[RAW DATA]
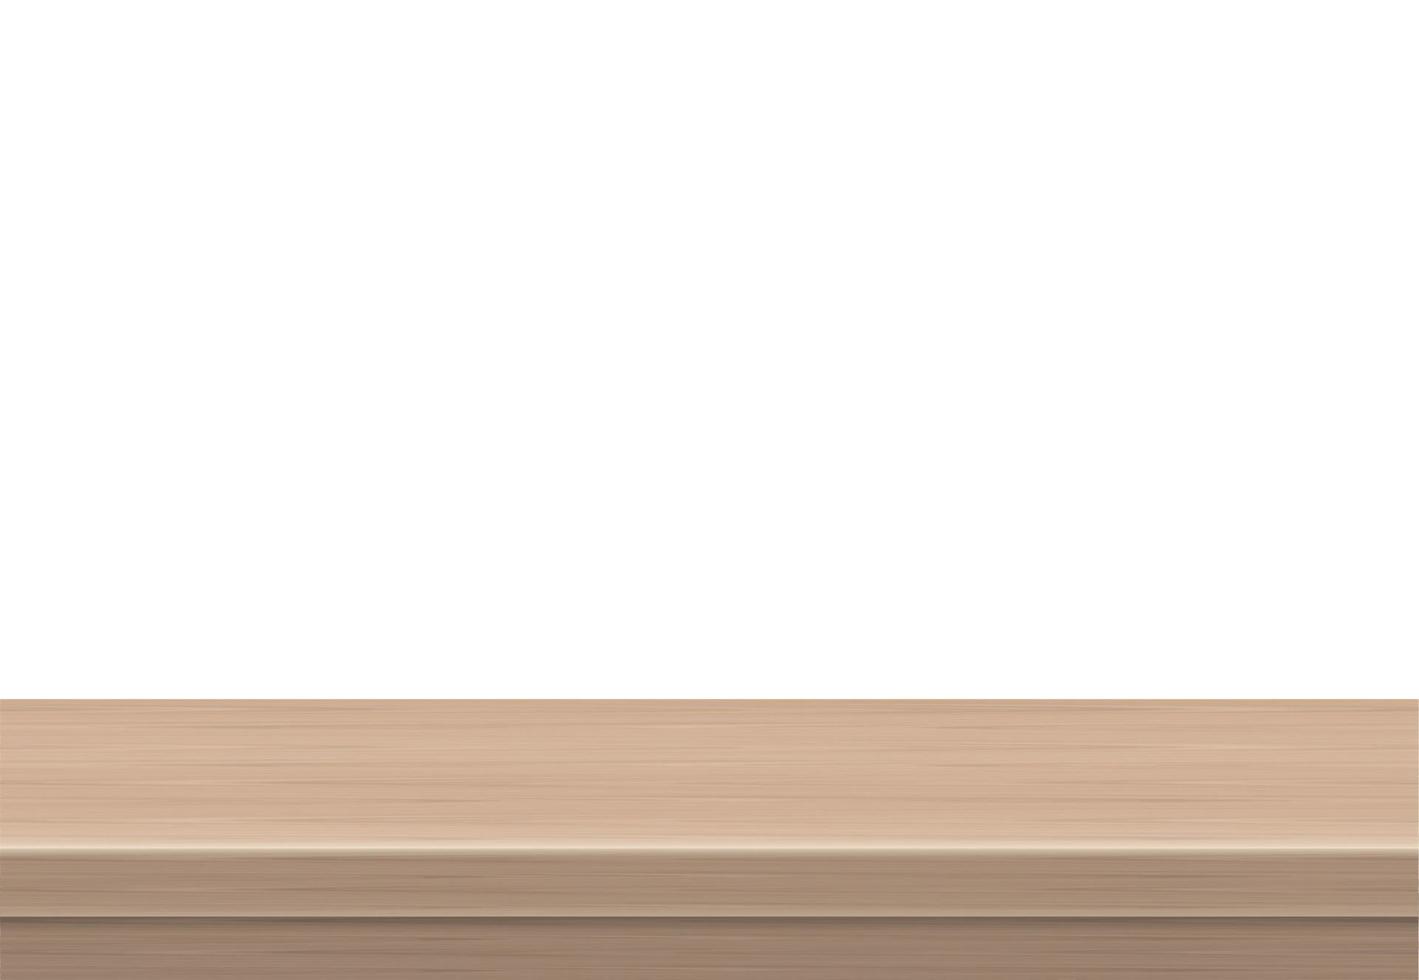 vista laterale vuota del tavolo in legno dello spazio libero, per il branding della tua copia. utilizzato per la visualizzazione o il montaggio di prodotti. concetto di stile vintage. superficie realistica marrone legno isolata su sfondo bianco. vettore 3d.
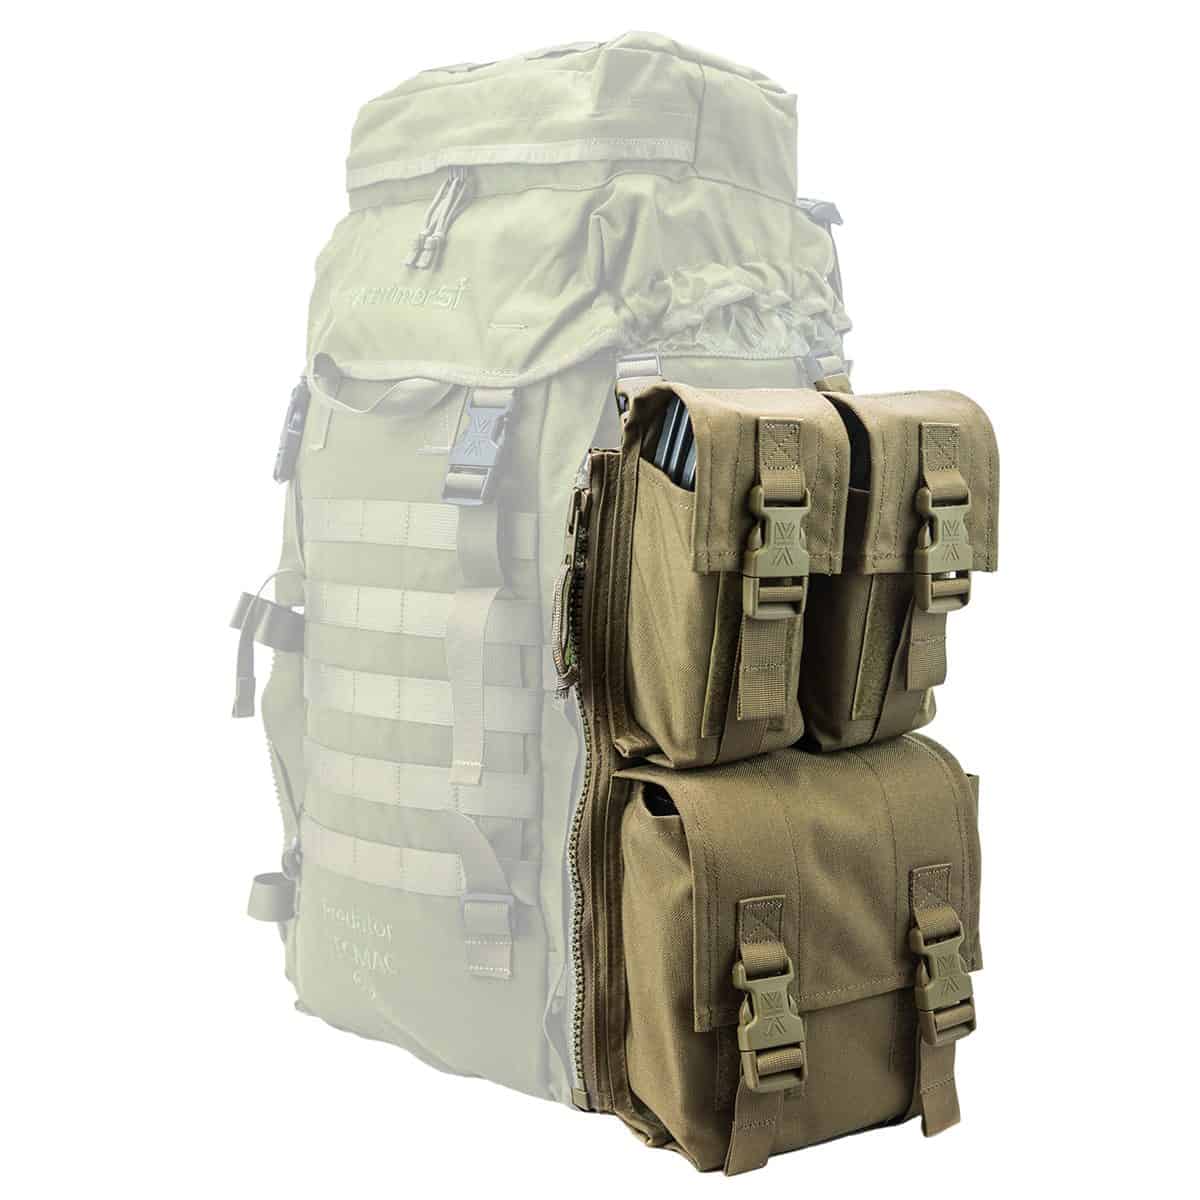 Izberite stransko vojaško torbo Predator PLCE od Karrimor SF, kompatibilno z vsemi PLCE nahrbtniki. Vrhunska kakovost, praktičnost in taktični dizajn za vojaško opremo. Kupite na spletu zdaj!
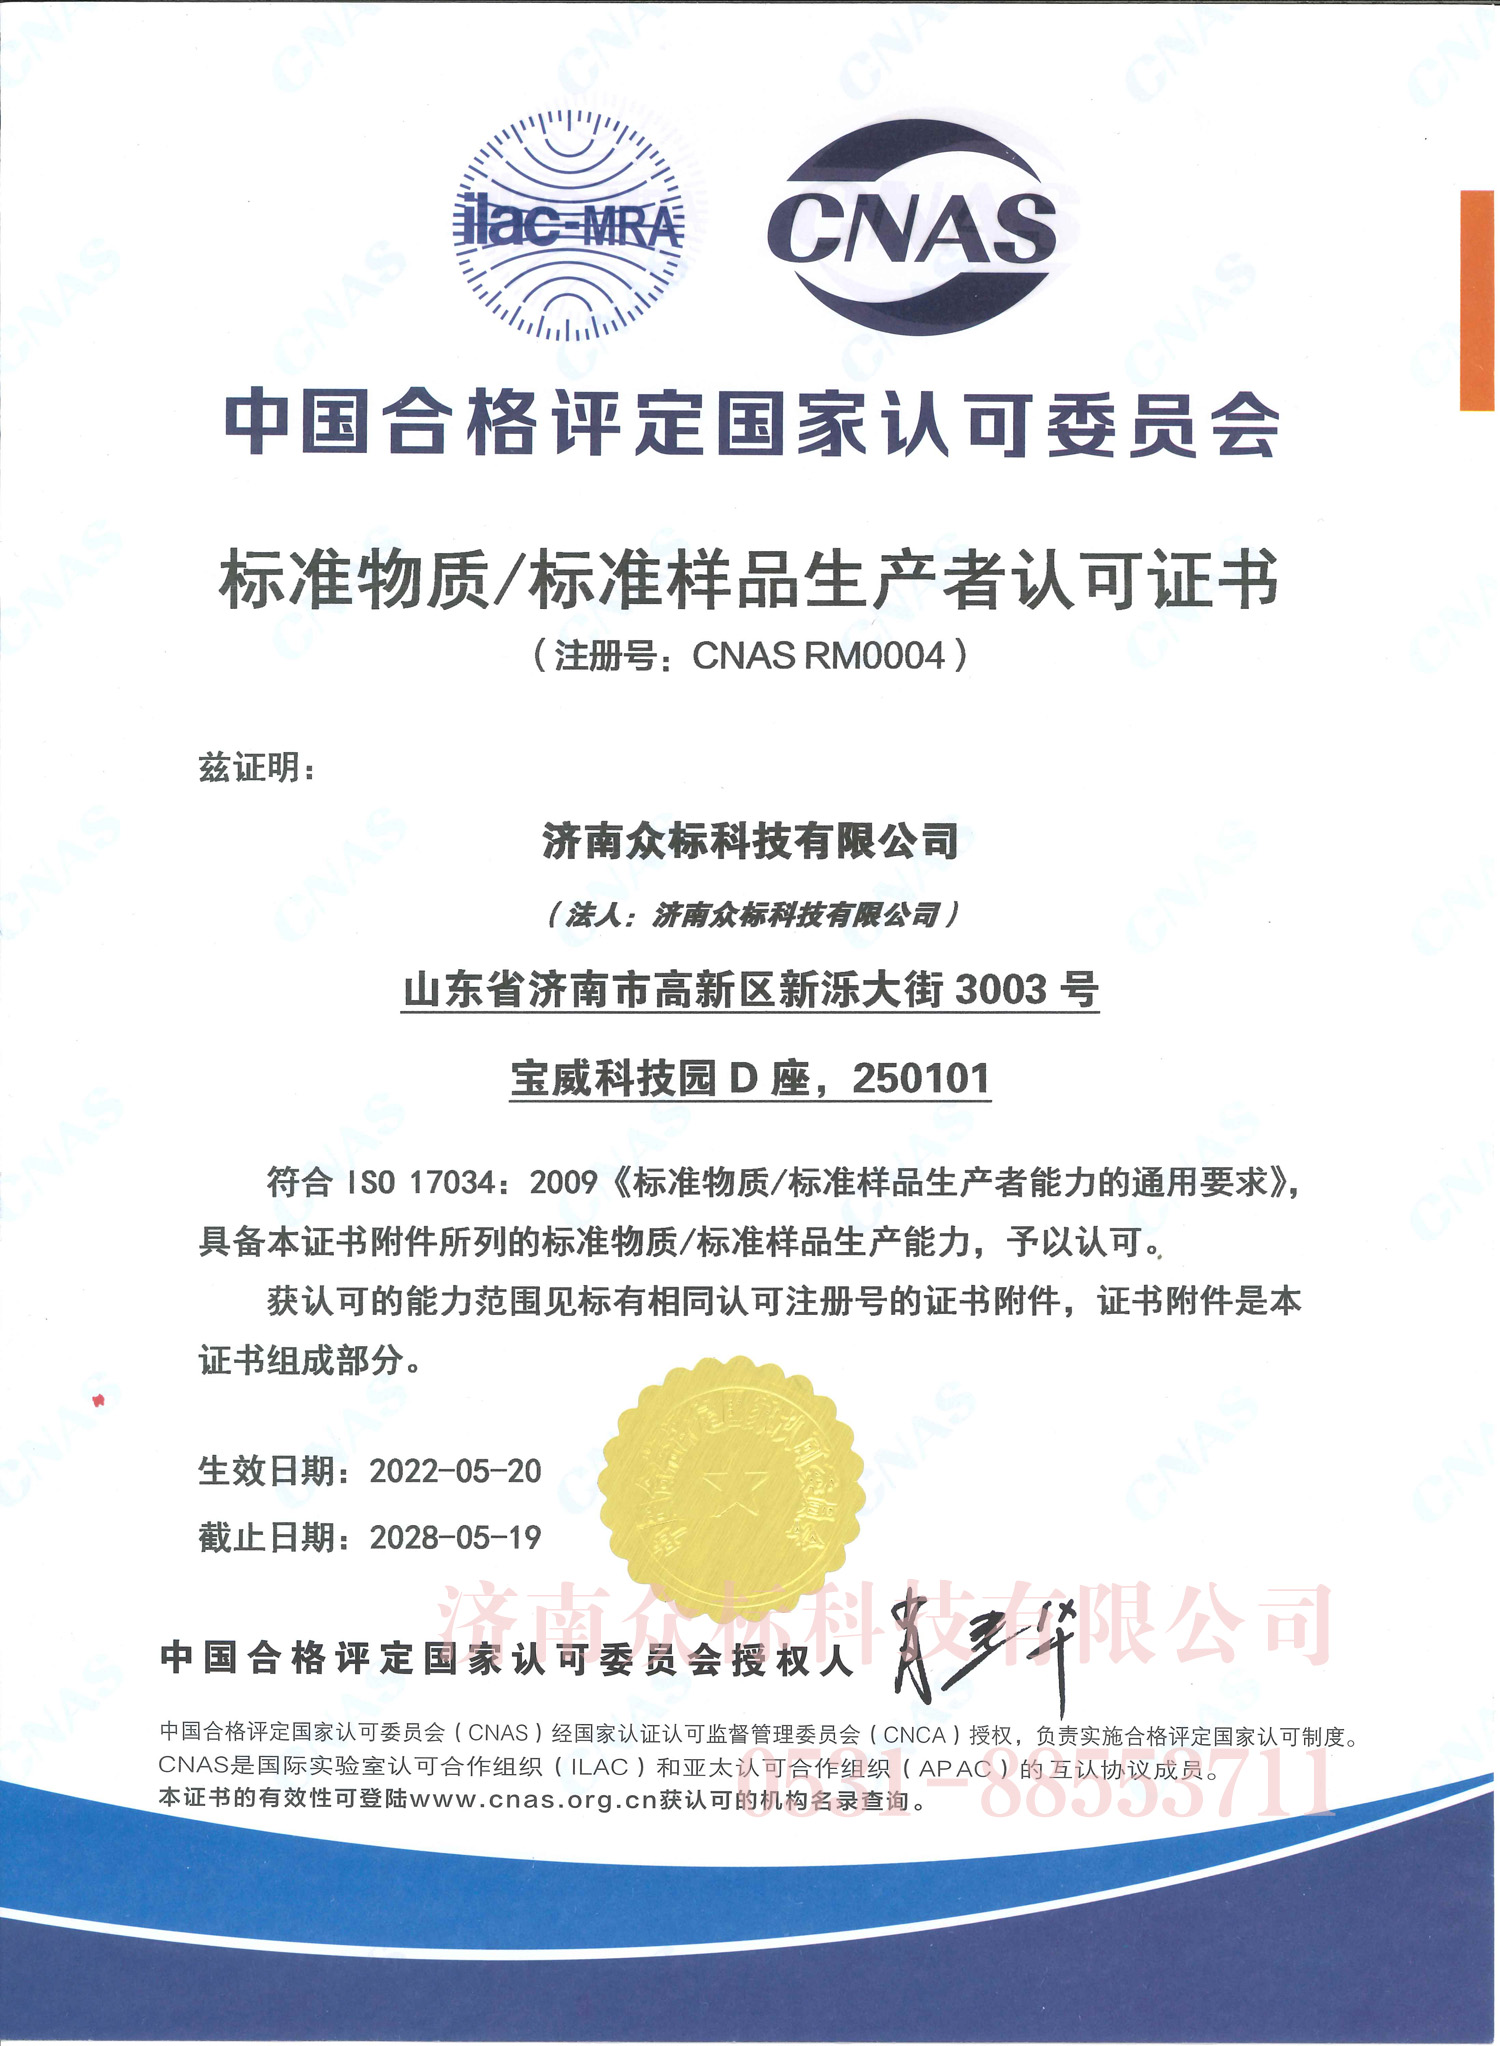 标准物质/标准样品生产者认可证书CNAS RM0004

[ASSIGNMENT] The whole listing above, word for word: repeat it with the pictures excluded.

[ANSWER TO THIS EXERCISE]
 vista laterale vuota del tavolo in legno dello spazio libero, per il branding della tua copia. utilizzato per la visualizzazione o il montaggio di prodotti. concetto di stile vintage. superficie realistica marrone legno isolata su sfondo bianco. vettore 3d.
 Izberite stransko vojaško torbo Predator PLCE od Karrimor SF, kompatibilno z vsemi PLCE nahrbtniki. Vrhunska kakovost, praktičnost in taktični dizajn za vojaško opremo. Kupite na spletu zdaj!
 标准物质/标准样品生产者认可证书CNAS RM0004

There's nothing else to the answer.